Я молвил: «Храни Аллах, о жертва любви, тебя,

И дай тебе место в раю, в вышних горницах».

Несчастны влюбленные! На самых могилах их

Скопился прах низости, забыты людьми они.

Коль мог бы, вокруг тебя развел бы я пышный сад

И всходы поил бы я слезами обильными.

И потом ушла она, плача, и я последовал за нею в сад. Молвила тогда мне эта женщина: «Ради Аллаха, не удаляйся от меня никогда!». И я отвечал: «Слушаю и повинуюсь!»

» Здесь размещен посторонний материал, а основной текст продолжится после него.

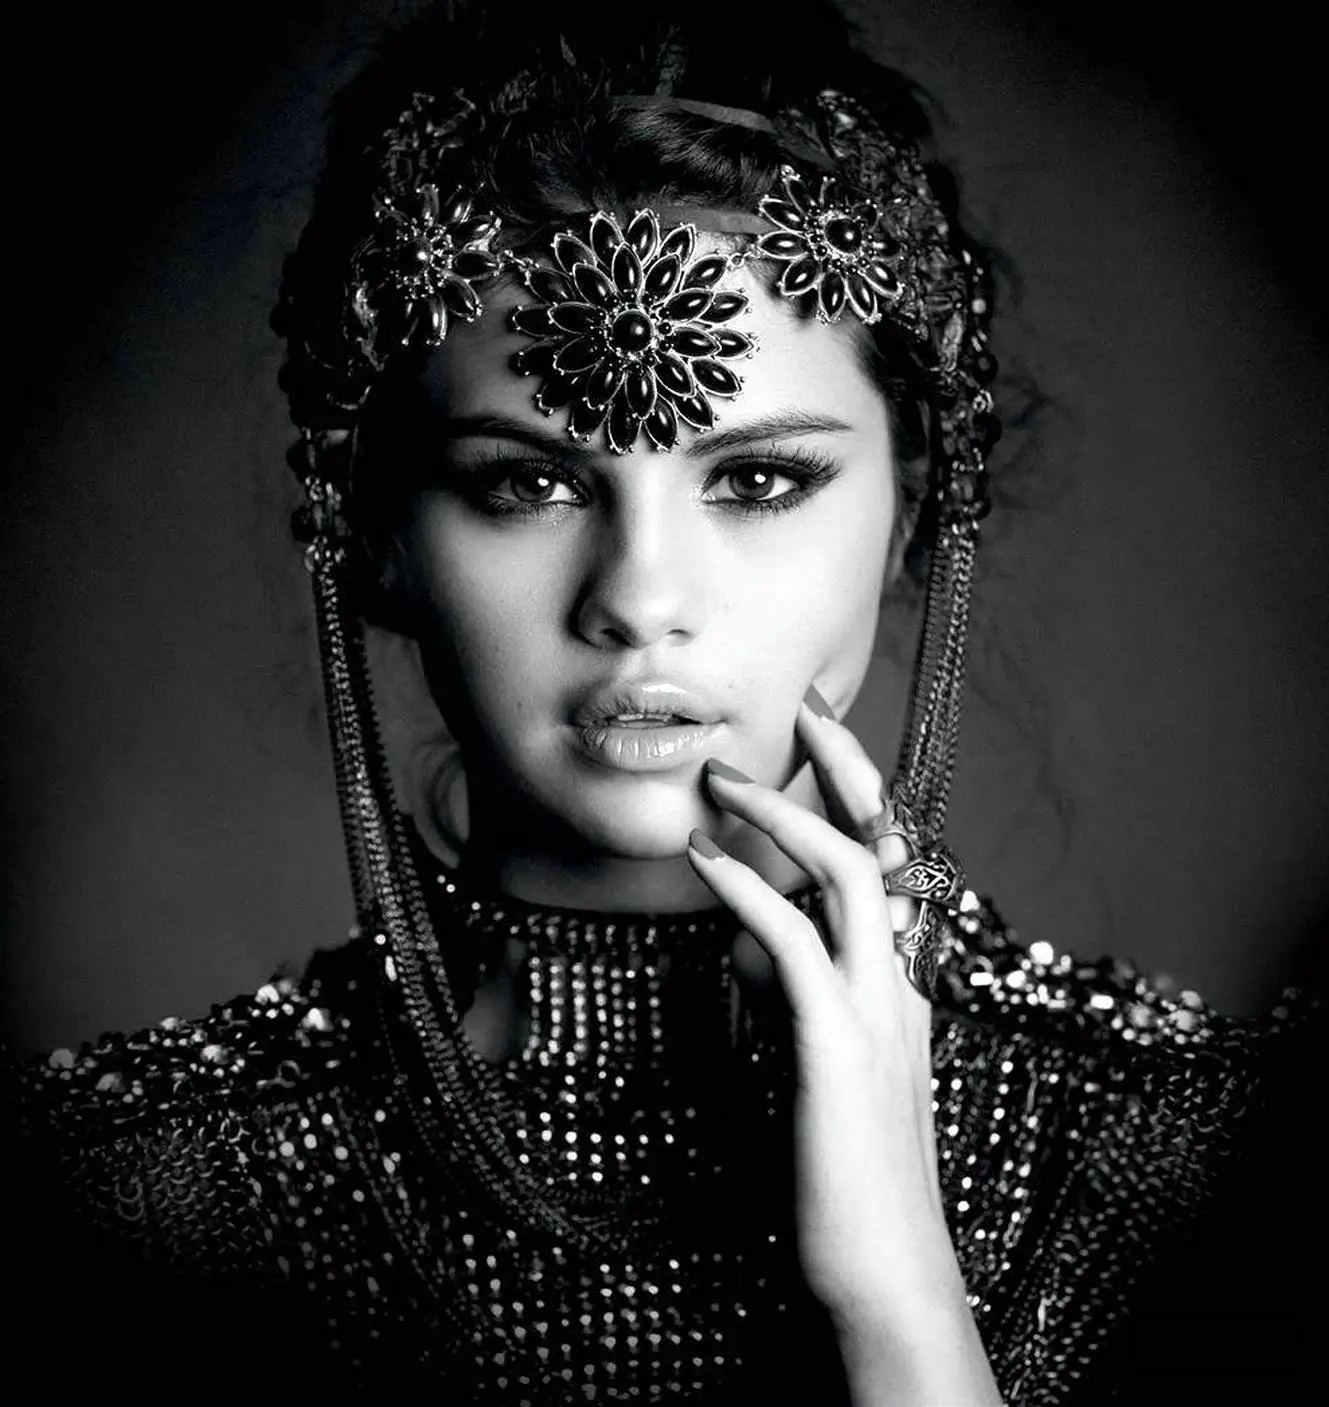 Gallery Stars Dance Album Selena Gomez Wiki Fandom

Свое обещание я усердно исполнял, часто посещая ее и заходя к ней. И всякий раз, когда ночевал у нее, она была со мной добра, и оказывала мне почет, и спрашивала о словах, которые Азиза, дочь моего дяди, говорила моей матери перед смертью, а я повторял их ей. И так продолжалась моя жизнь — в достатке еды и питья, одежд изящных и объятий любимой — пока я не потолстел и не разжирел. И не было у меня ни заботы, ни печали, и скоро забыл я о своей двоюродной сестре.

И целый год длилось мое сладкое житье. А в начале года следующего отправился я в баню, и привел себя в порядок, и надел роскошное платье, а выйдя из бани, выпил кубок вина и стал нюхать благовоние моих одежд, облитых всевозможными духами. И было у меня на сердце легко, и не знал я обманчивости времени и превратностей случая. А когда пришло время ужина, захотел вдруг отправиться к той женщине, но я был пьян и не знал, куда идти. И я пошел к ней, и хмель увел меня в переулок, называемый переулком Начальника, проходя по которому я увидел старуху. Она шла и держала в одной руке горящую свечу, а в другой — свернутое письмо.

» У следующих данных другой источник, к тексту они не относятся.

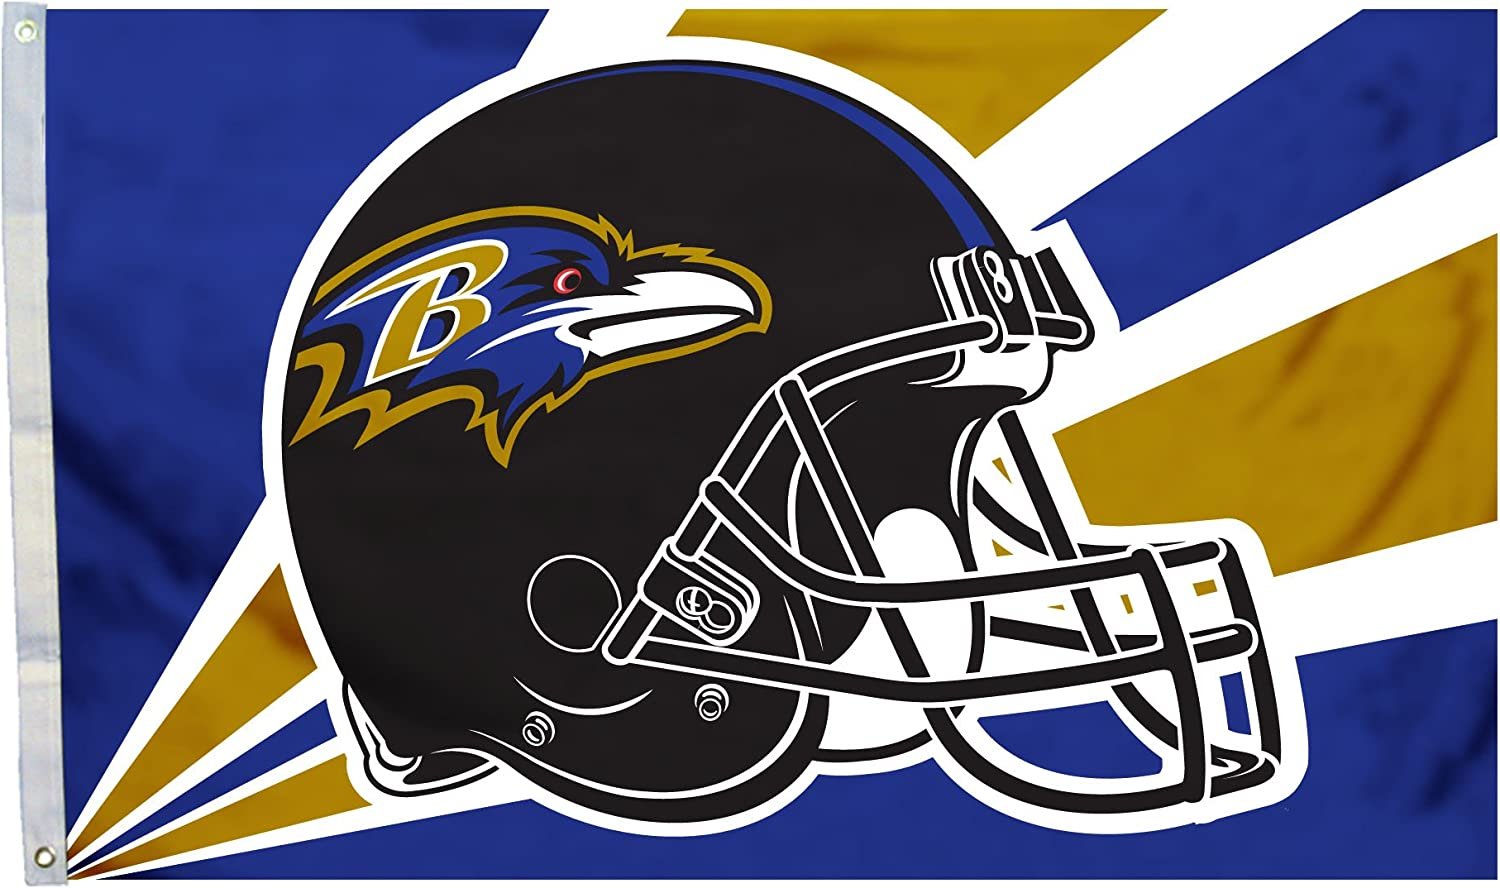 Baltimore Ravens 3' x 5' Flag Banner with Metal Grommets Outdoor Helmet Design

И я подошел к ней и увидел, что она плачет, говоря такие стихи:

Посланник с прощением, приют и уют тебе!

Приятно как речь твою мне слышать и сладостно!

О ты, что принес привет от нежно любимого,

Аллах да хранит тебя, пока будет ветер дуть!

Обратившись ко мне, она спросила: «О дитя мое, умеешь ли ты читать?». И я ответил ей по своей простоте и болтливости: «Да, старая тетушка». И она попросила: «Возьми это письмо и прочти мне его». И я взял письмо и развернул его, и прочитал ей. Оказалось, что в этом письме содержится привет любимым от отсутствующих.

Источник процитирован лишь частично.